- **Task description**:
Transcribe the data verbatim and drop its images.

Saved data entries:
»»

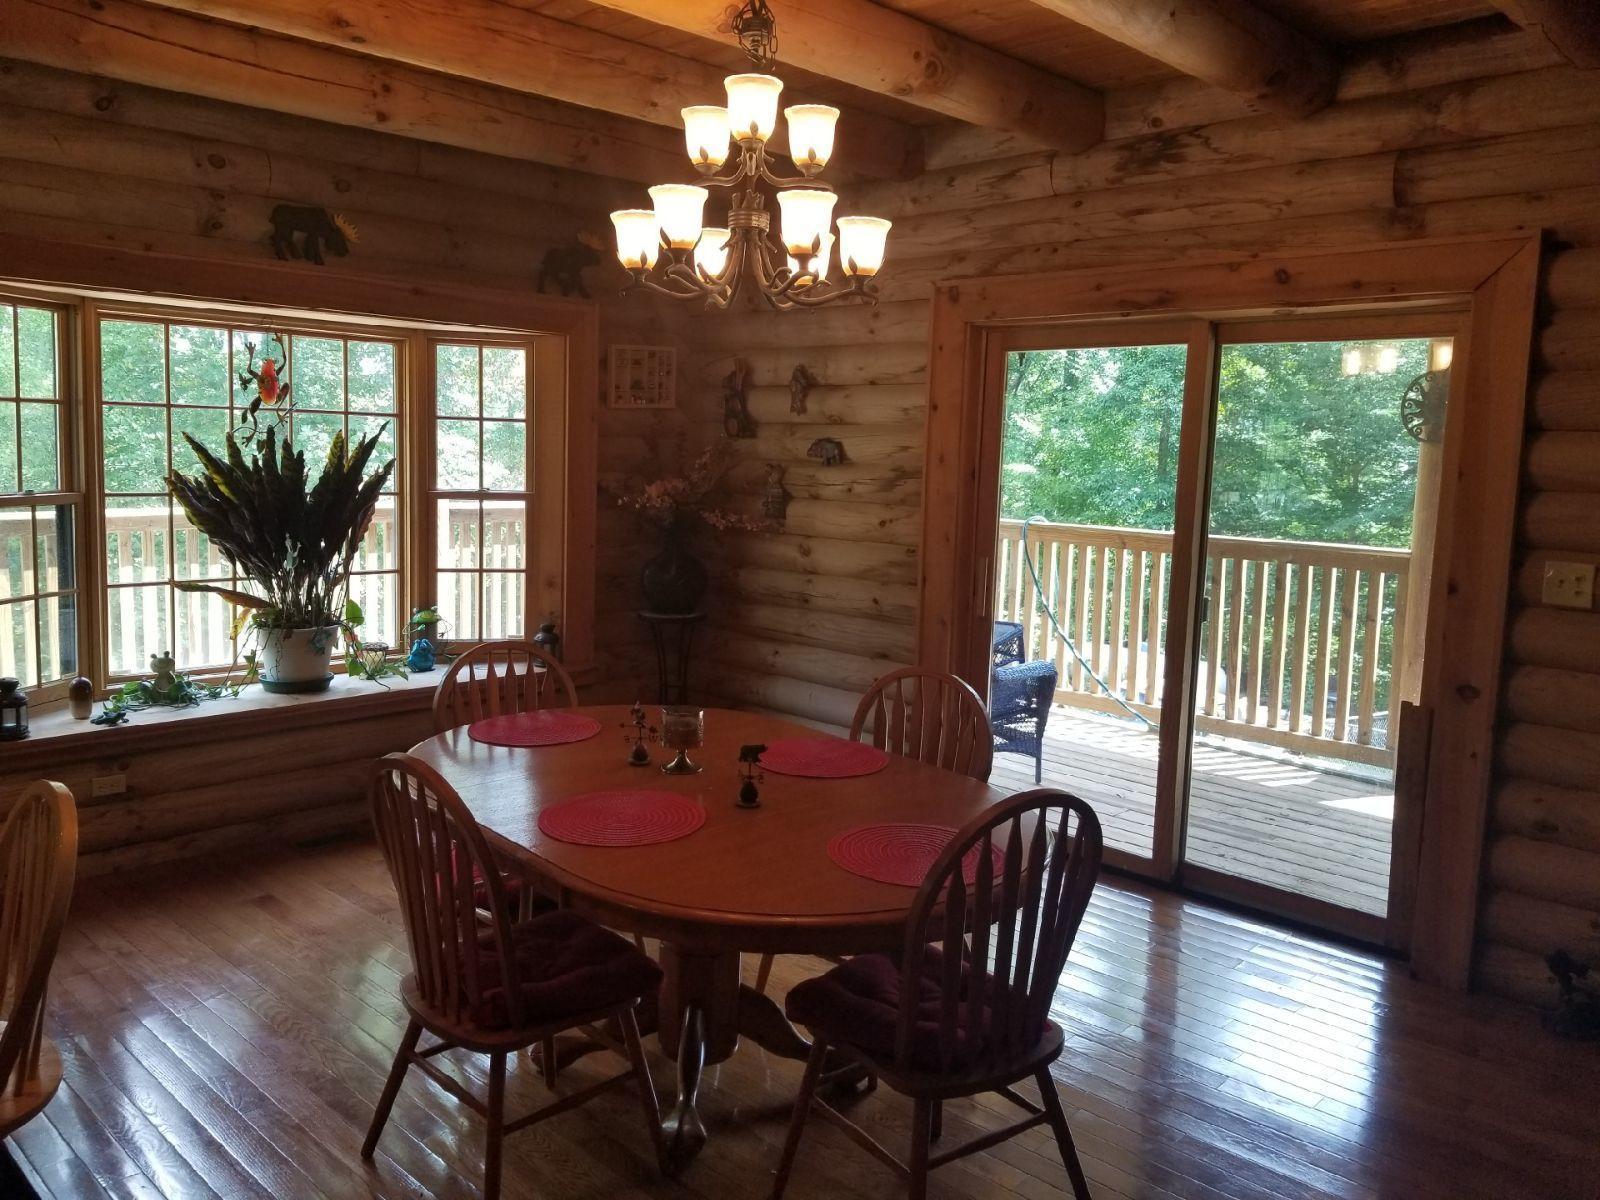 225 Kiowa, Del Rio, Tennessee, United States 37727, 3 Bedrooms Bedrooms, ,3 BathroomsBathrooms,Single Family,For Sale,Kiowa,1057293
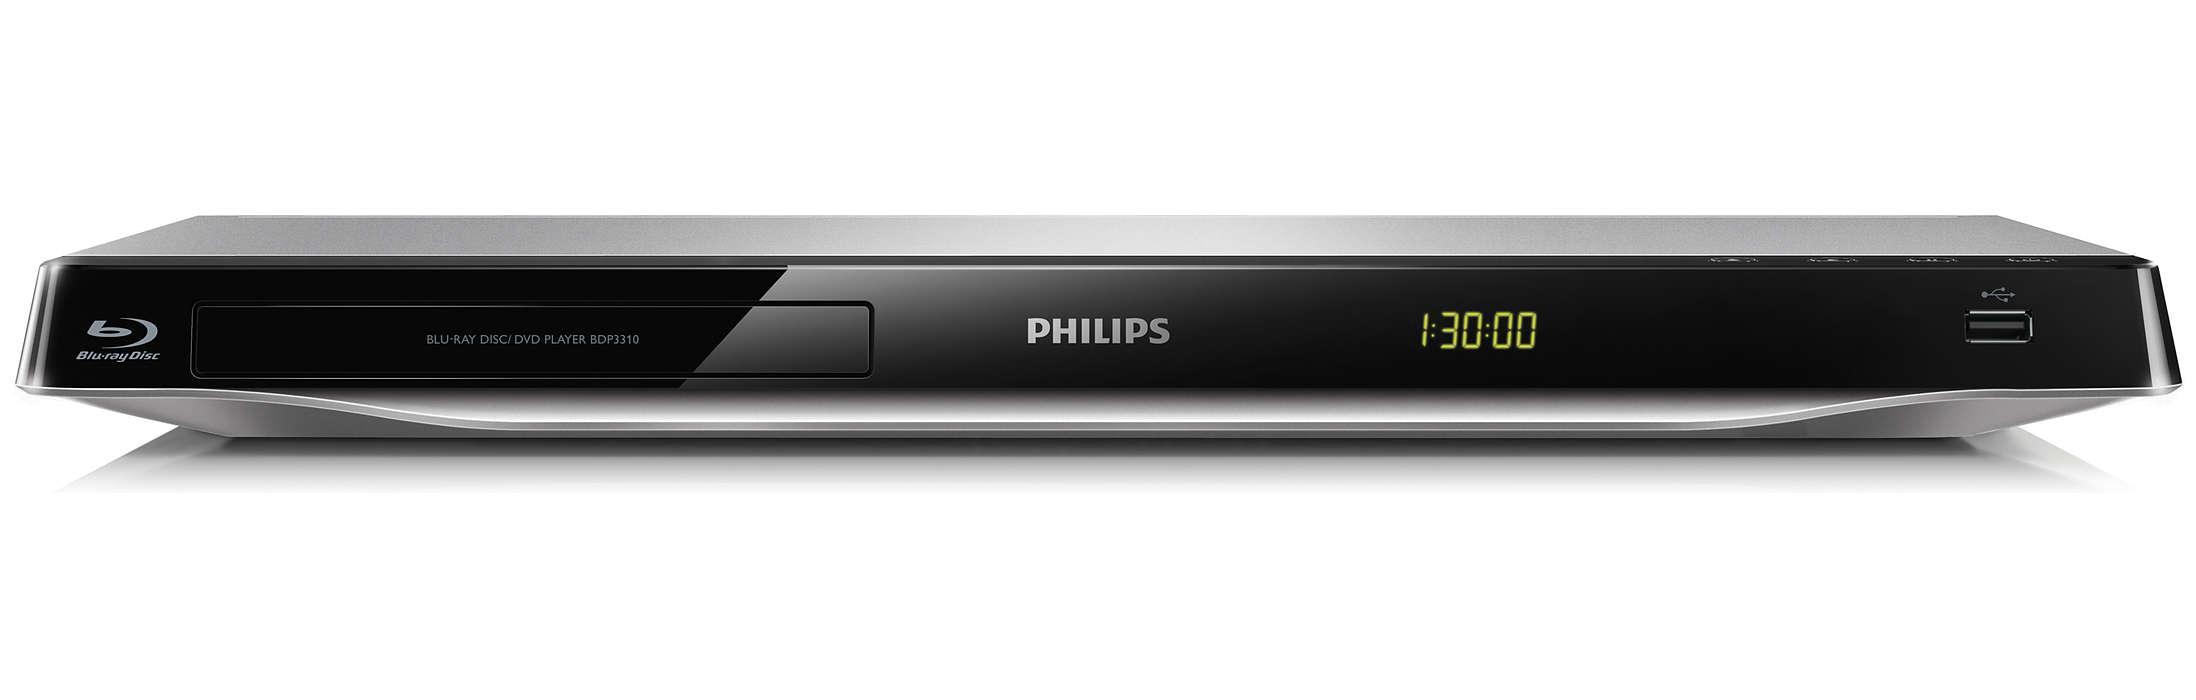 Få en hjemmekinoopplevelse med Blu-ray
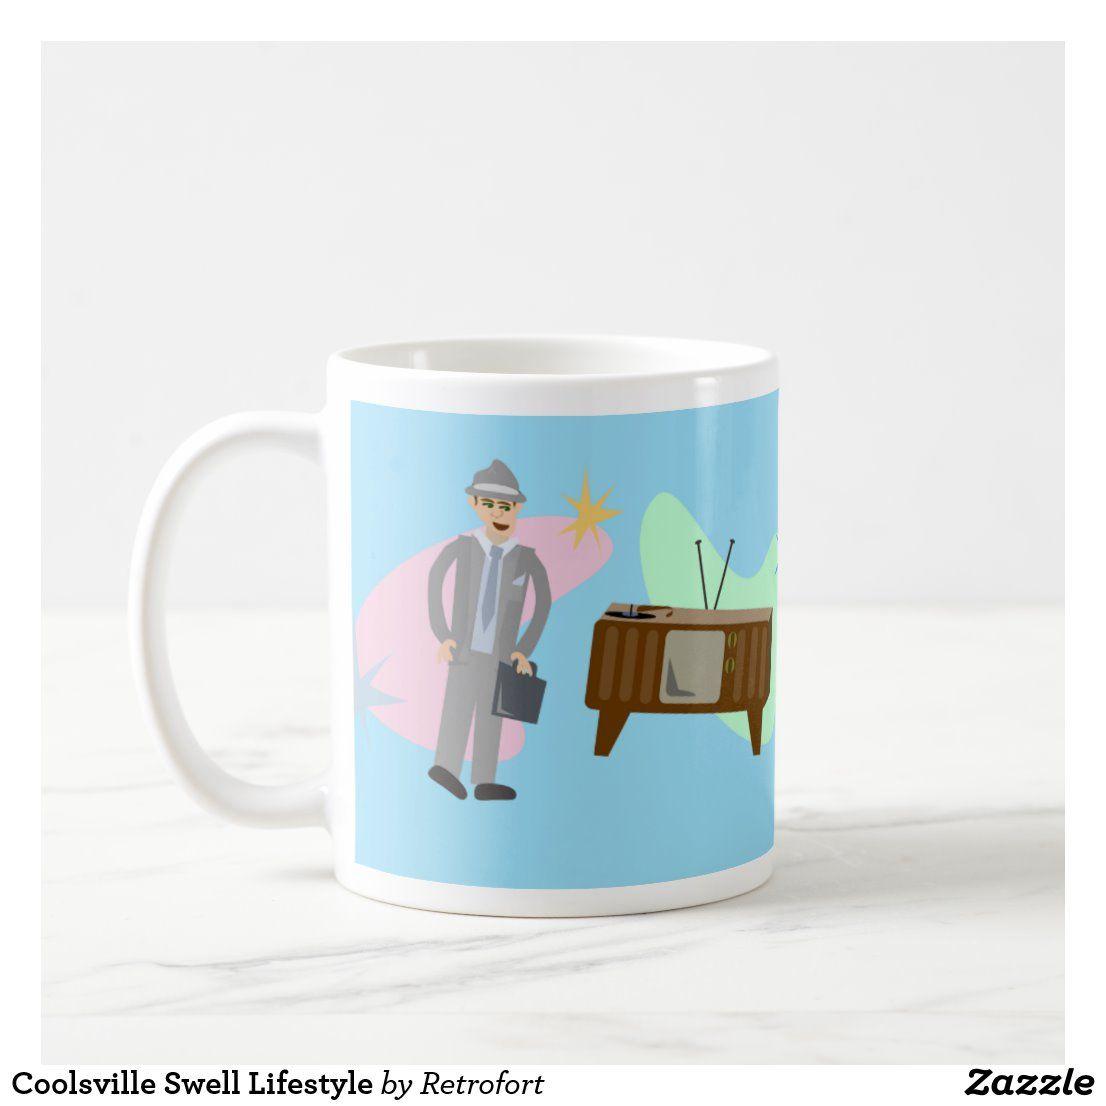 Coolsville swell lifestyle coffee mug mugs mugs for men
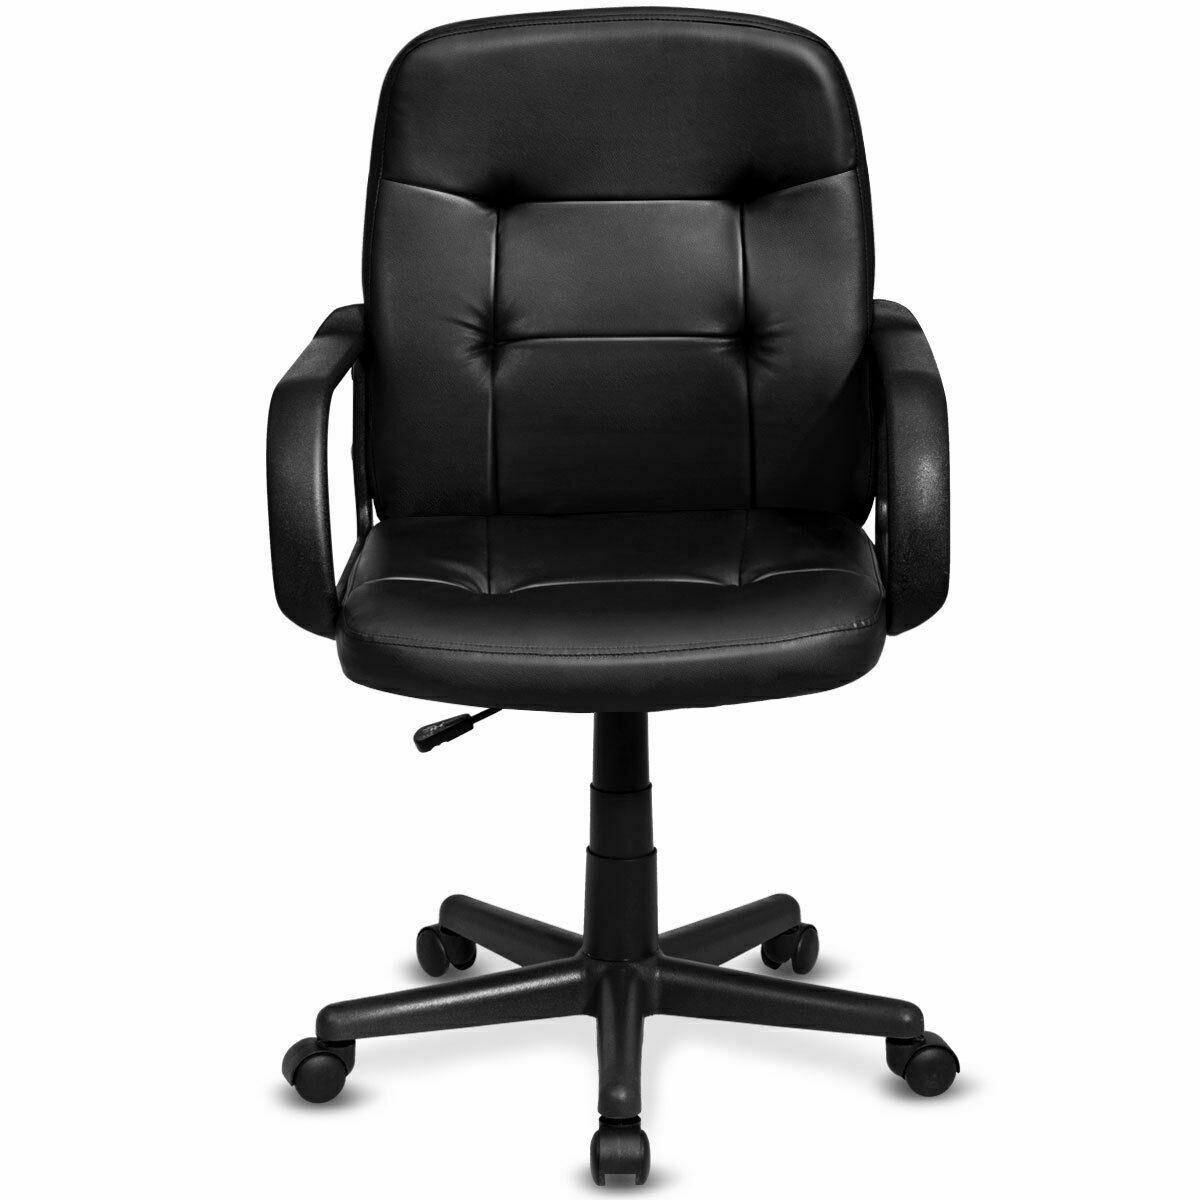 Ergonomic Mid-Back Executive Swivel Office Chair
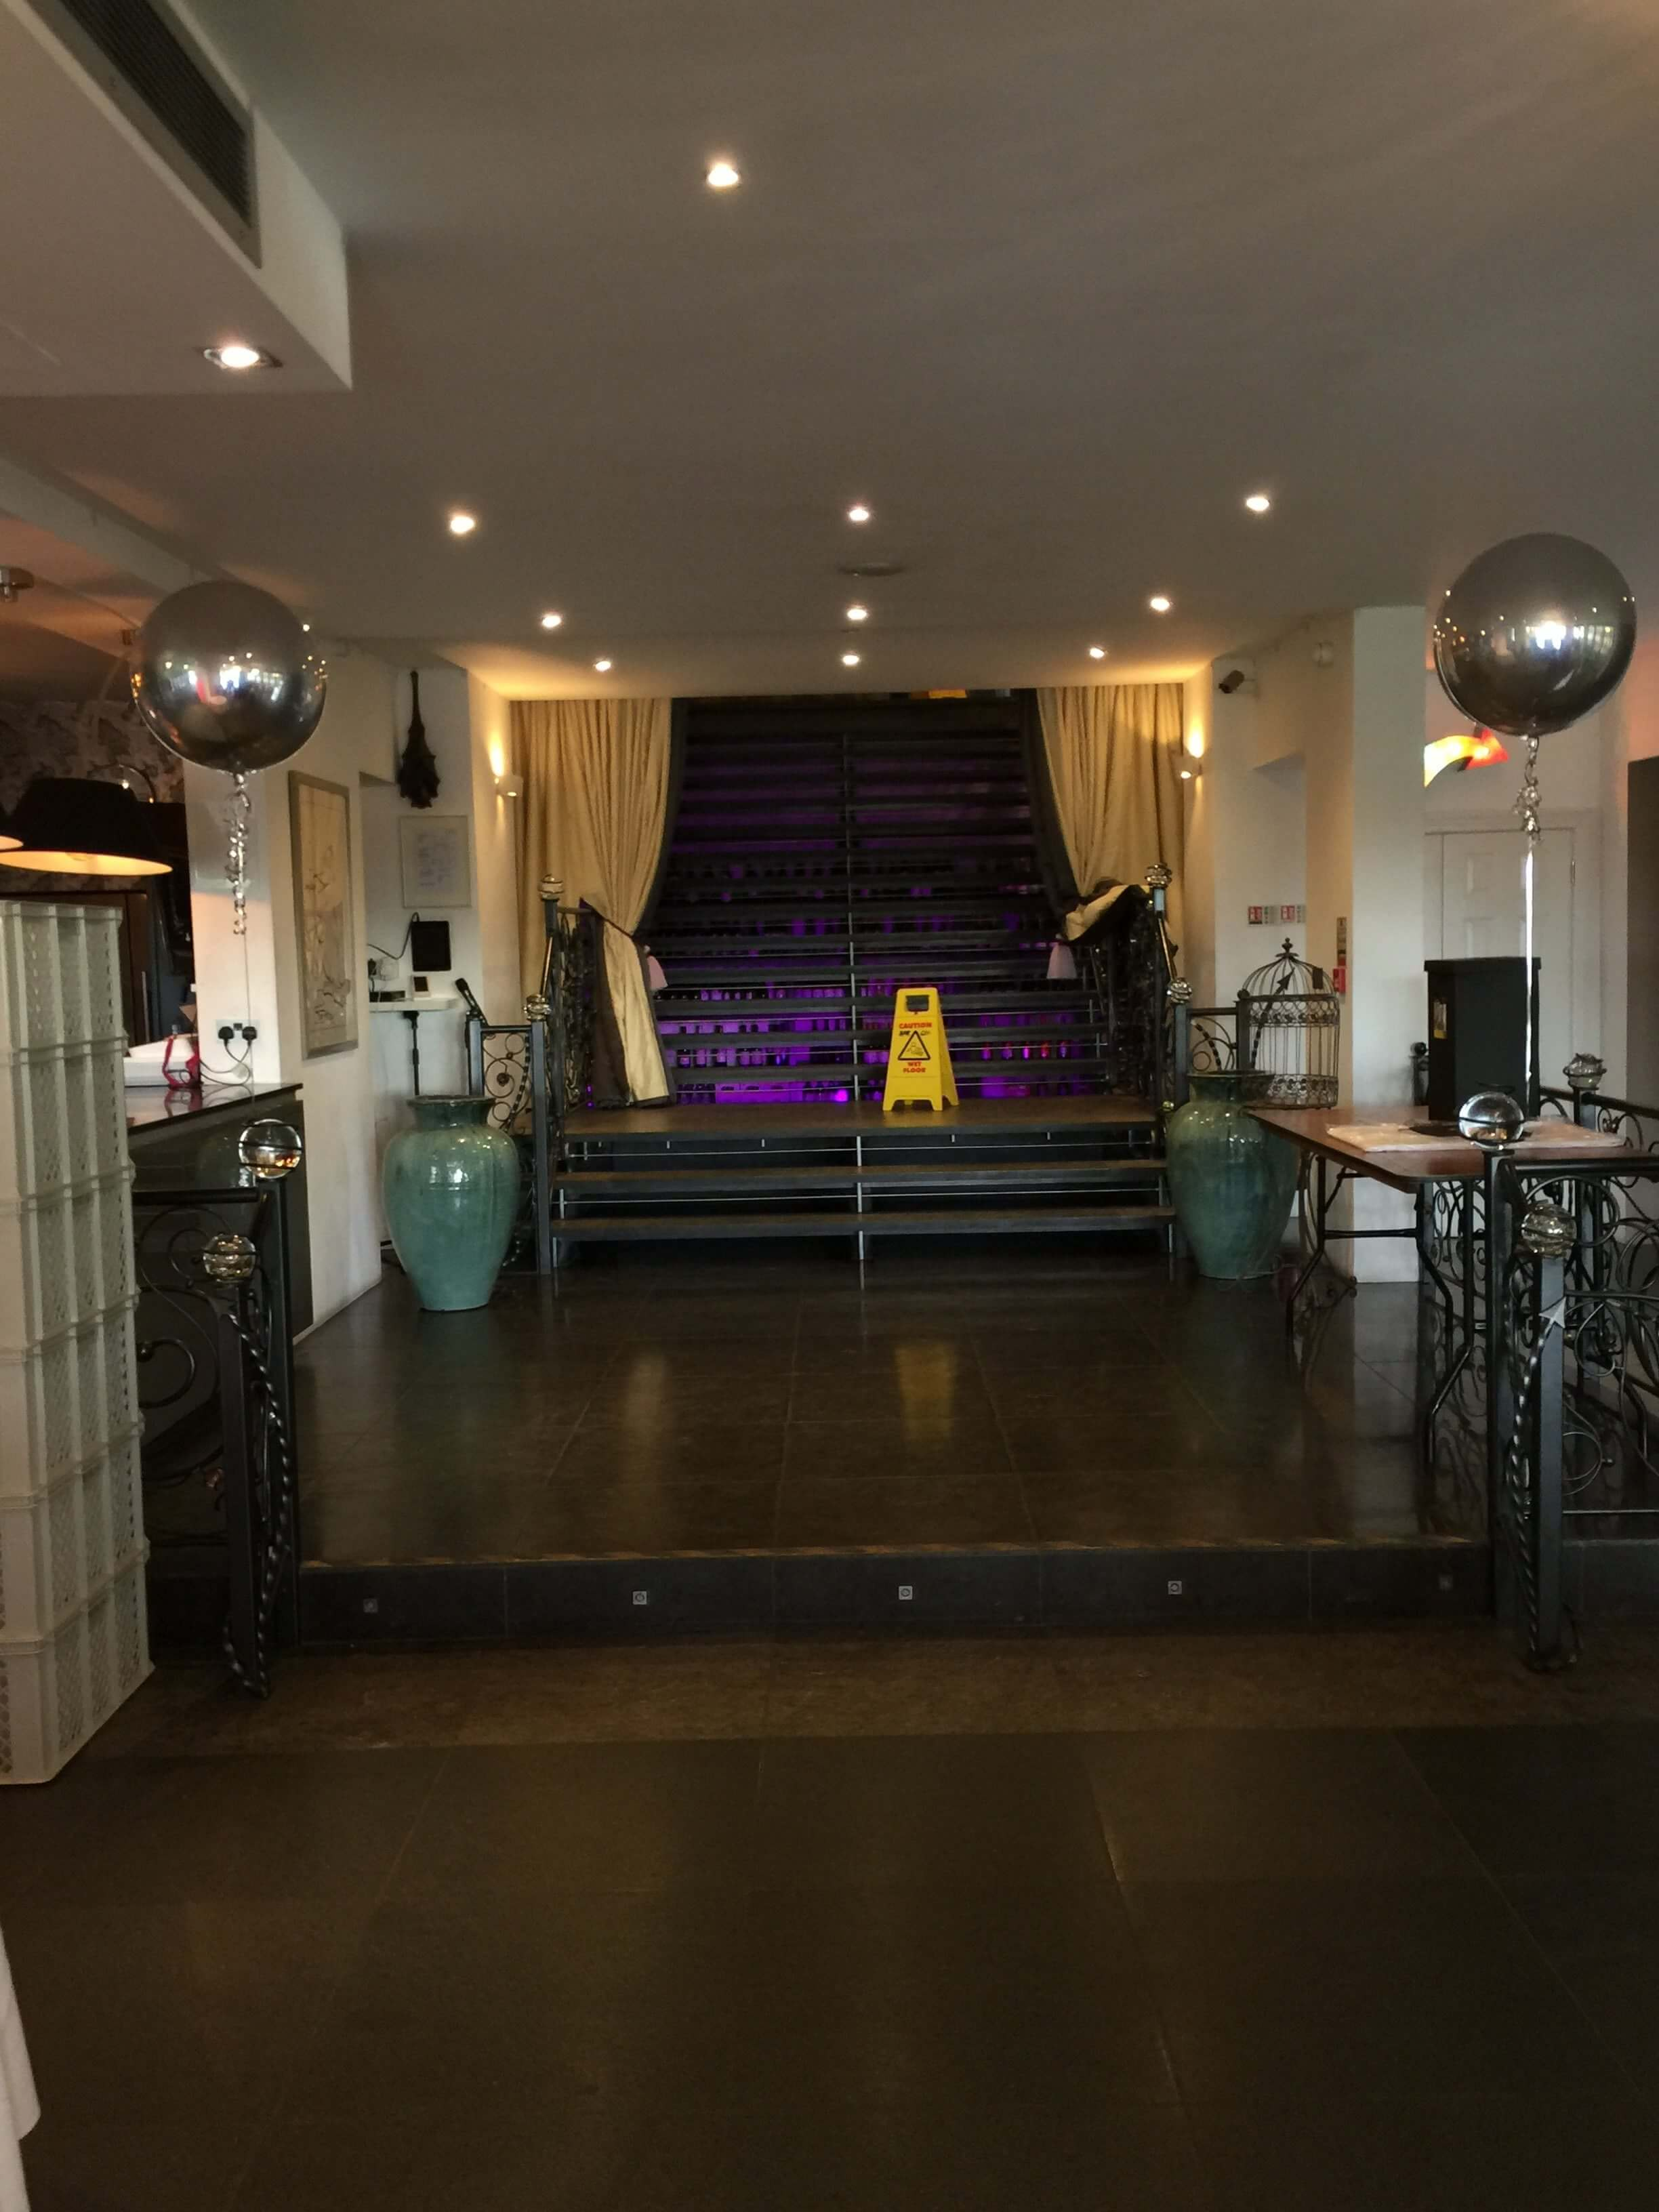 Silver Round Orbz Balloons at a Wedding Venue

««

- **Completed exercise**:
 225 Kiowa, Del Rio, Tennessee, United States 37727, 3 Bedrooms Bedrooms, ,3 BathroomsBathrooms,Single Family,For Sale,Kiowa,1057293
 Få en hjemmekinoopplevelse med Blu-ray
 Coolsville swell lifestyle coffee mug mugs mugs for men
 Ergonomic Mid-Back Executive Swivel Office Chair
 Silver Round Orbz Balloons at a Wedding Venue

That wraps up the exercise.